Furthermore, if it is proven that a pre-existing fault/defect/damage (un-disclosed by the seller or un-detected on inspection by either the habitation or mechanical services) becomes apparent within 30 days of the buyer taking ownership or within 30 days prior to the handover; it may be necessary for a full refund to be made to the buyer. In the event of a full refund being made to the buyer, the seller agrees to return the net return (“valuation”) to the Company, plus costs, on request and within 7 days of such request, by way of a bank transfer. Alternatively, it may be necessary to rectify the fault/defect/damage. In the case of rectification work being carried out the Company reserves the right to request payment from the seller to cover the cost of such work, or, be deducted from the eventual sale when marketed again.
In addition to the cancellation right set out above, either party may terminate this Agreement at any time after the initial 30 day period by giving the other party 14 days’ notice of their intention to terminate the Agreement in writing. If you wish to terminate this Agreement on the 30th day, we will need to receive your cancellation notice on the 16th day after the date of this Agreement. Cancellation notice is required to be sent by recorded delivery and its’ receipt acknowledged. If you terminate this Agreement after the cooling off period, if applicable, but during the initial 30 day period or without providing us with 14 days’ notice, a cancellation fee will become due and payable. The cancellation fee shall be equal to the costs incurred by the Company in performing its obligations pursuant to this Agreement until the date of cancellation, up to a maximum of £2,000. If, however, cancellation notice is given whilst there is a (proven) sale in progress, then the cancellation fee will be the whole of the agreed difference between the advertised price and the target return (or that which has been agreed if altered in writing beyond the date of this agreement). In addition, where there have been repairs/valet/extraordinary costs met by the Company, they shall become immediately payable by the seller to the Company. Should the Company be in the process of an agreement to buy, by a buyer of the leisure asset, then a cancellation fee will be no less than the amount agreed as the difference between the advertised price and the Target Return, less any further costs incurred by the Company. They shall become payable immediately and further, the leisure asset will be retained until such monies are cleared into the Company account.

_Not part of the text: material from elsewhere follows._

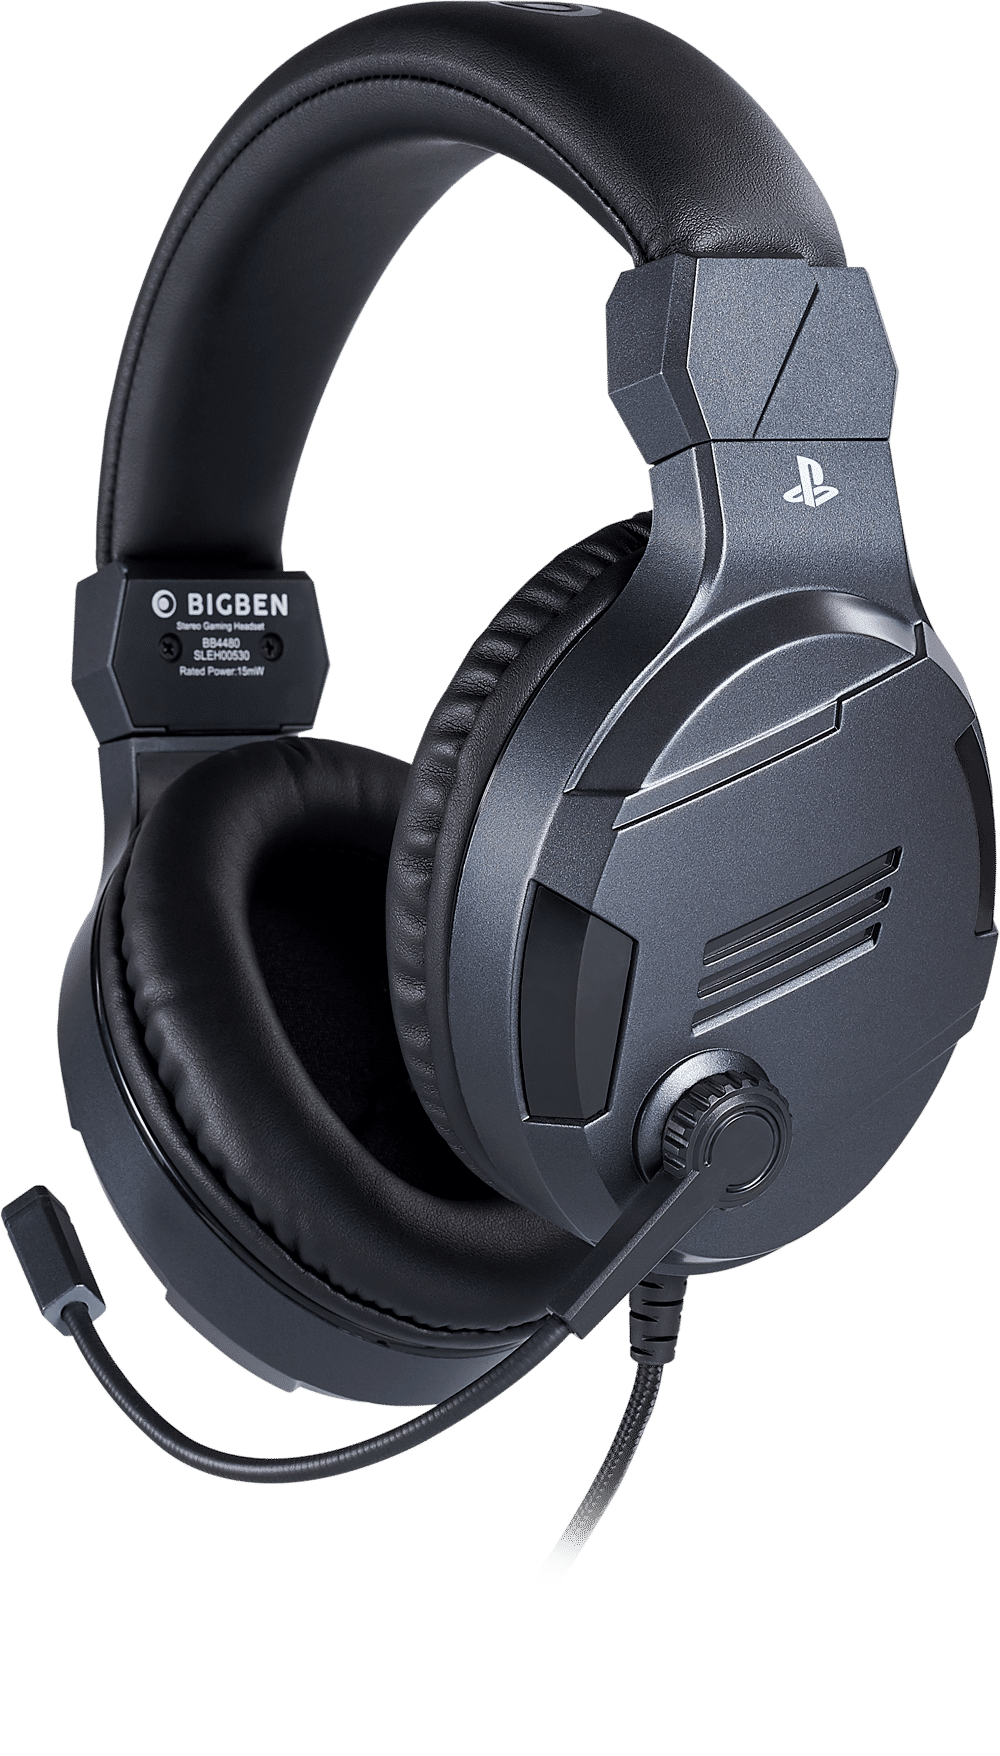 big-ben-stereo-gaming-headset-v3-titan-black-official-sony-license
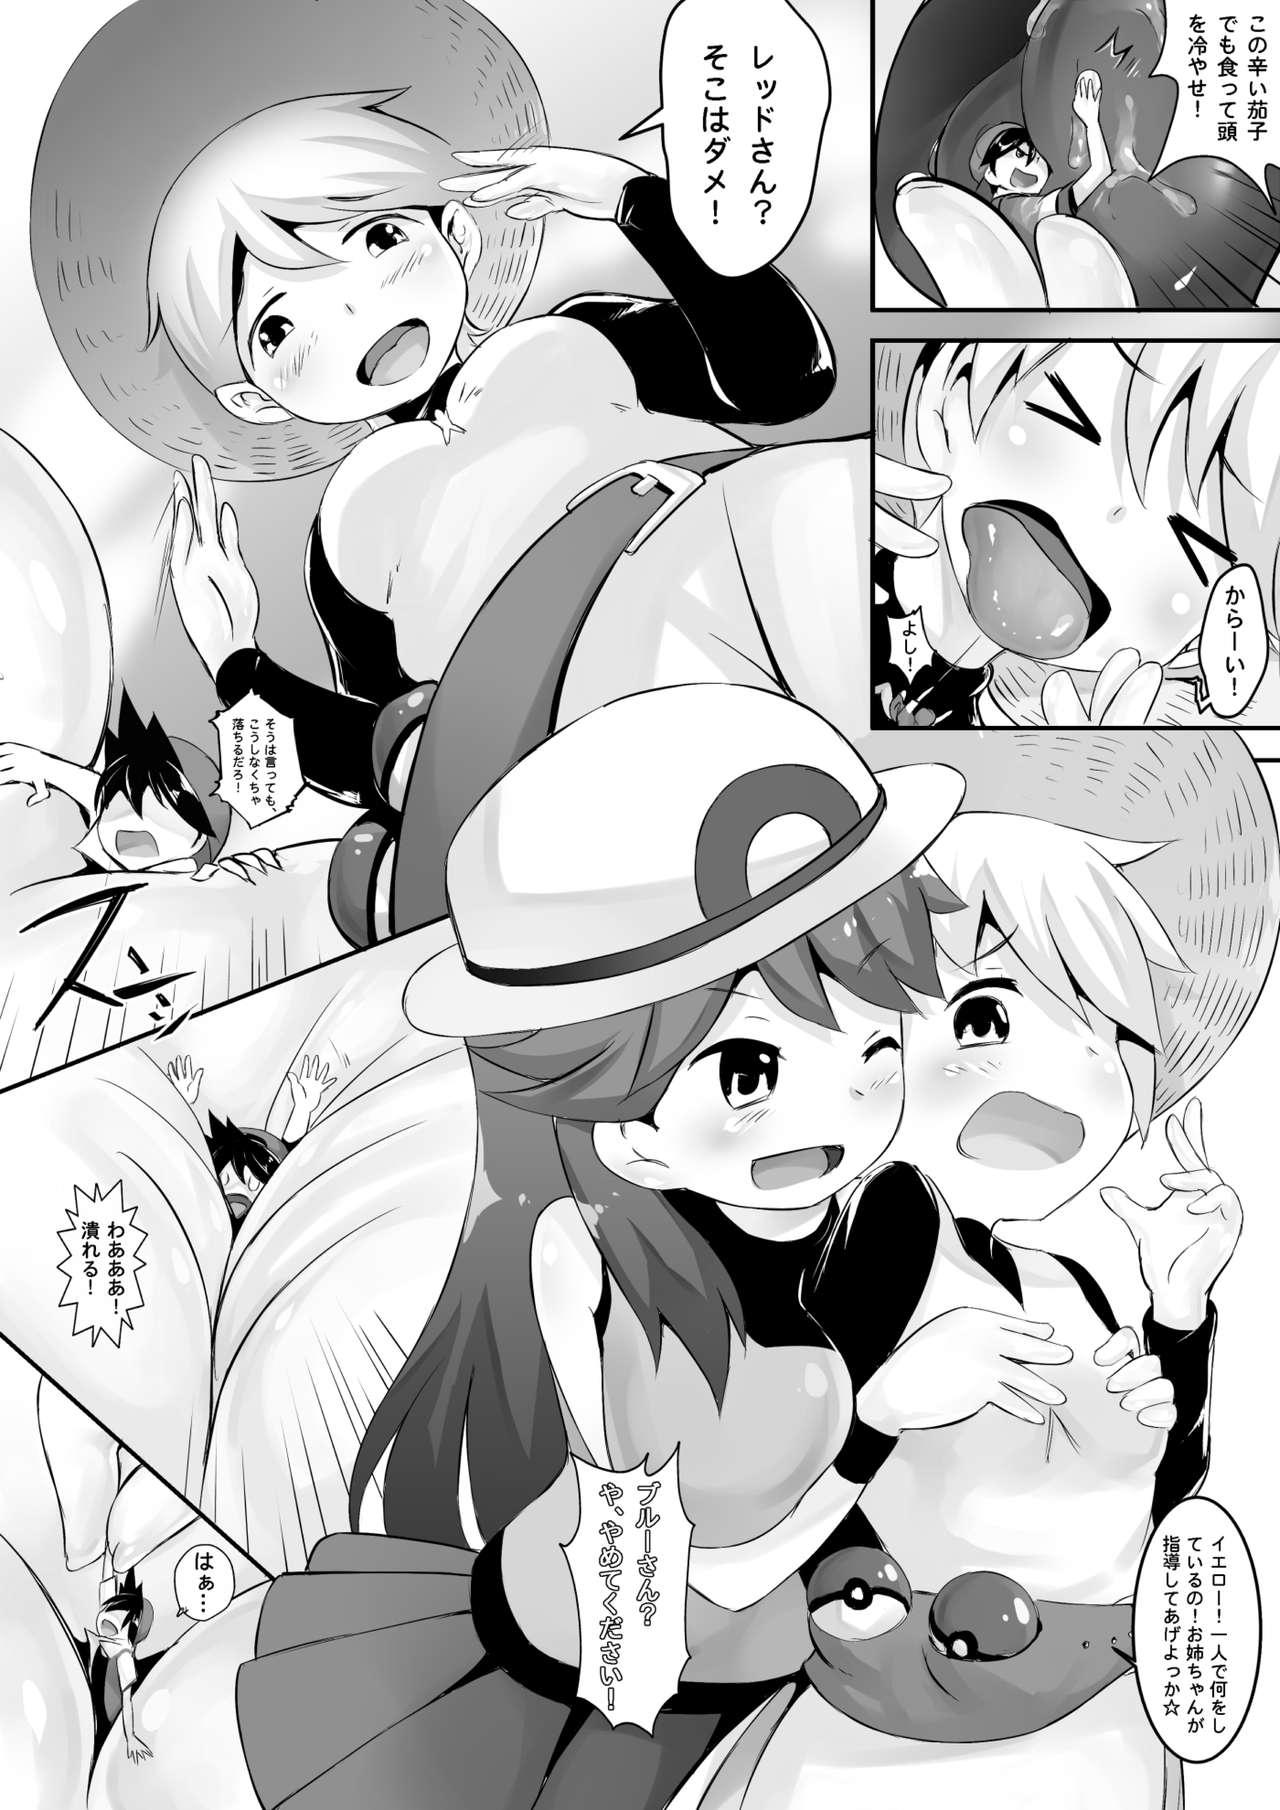 Oil Pokemon GS Friend?! - Pokemon Coroa - Page 8

Neither Motorhome Department and its associated companies, their directors, employees or other agents shall be liable for direct or indirect inconsequential losses of any kind including loss of profits and other forms of expenses and compensation.
The Company are committed to responsible data management and subscribes to the principals of the data protection legislation in the United Kingdom. We are committed to maintaining the privacy of our users and maintaining the security of any personal information received from you.
Any variation to the Agreement and/or these Terms shall only be binding when agreed in writing and signed on behalf of the Company. We reserve the right to revise and amend the Agreement or these Terms from time to time. You will be subject to the terms in force at the date of the Agreement.
The Agreement, incorporating these Terms, and any matter arising from or in connection with it shall be governed by and construed in accordance with English law.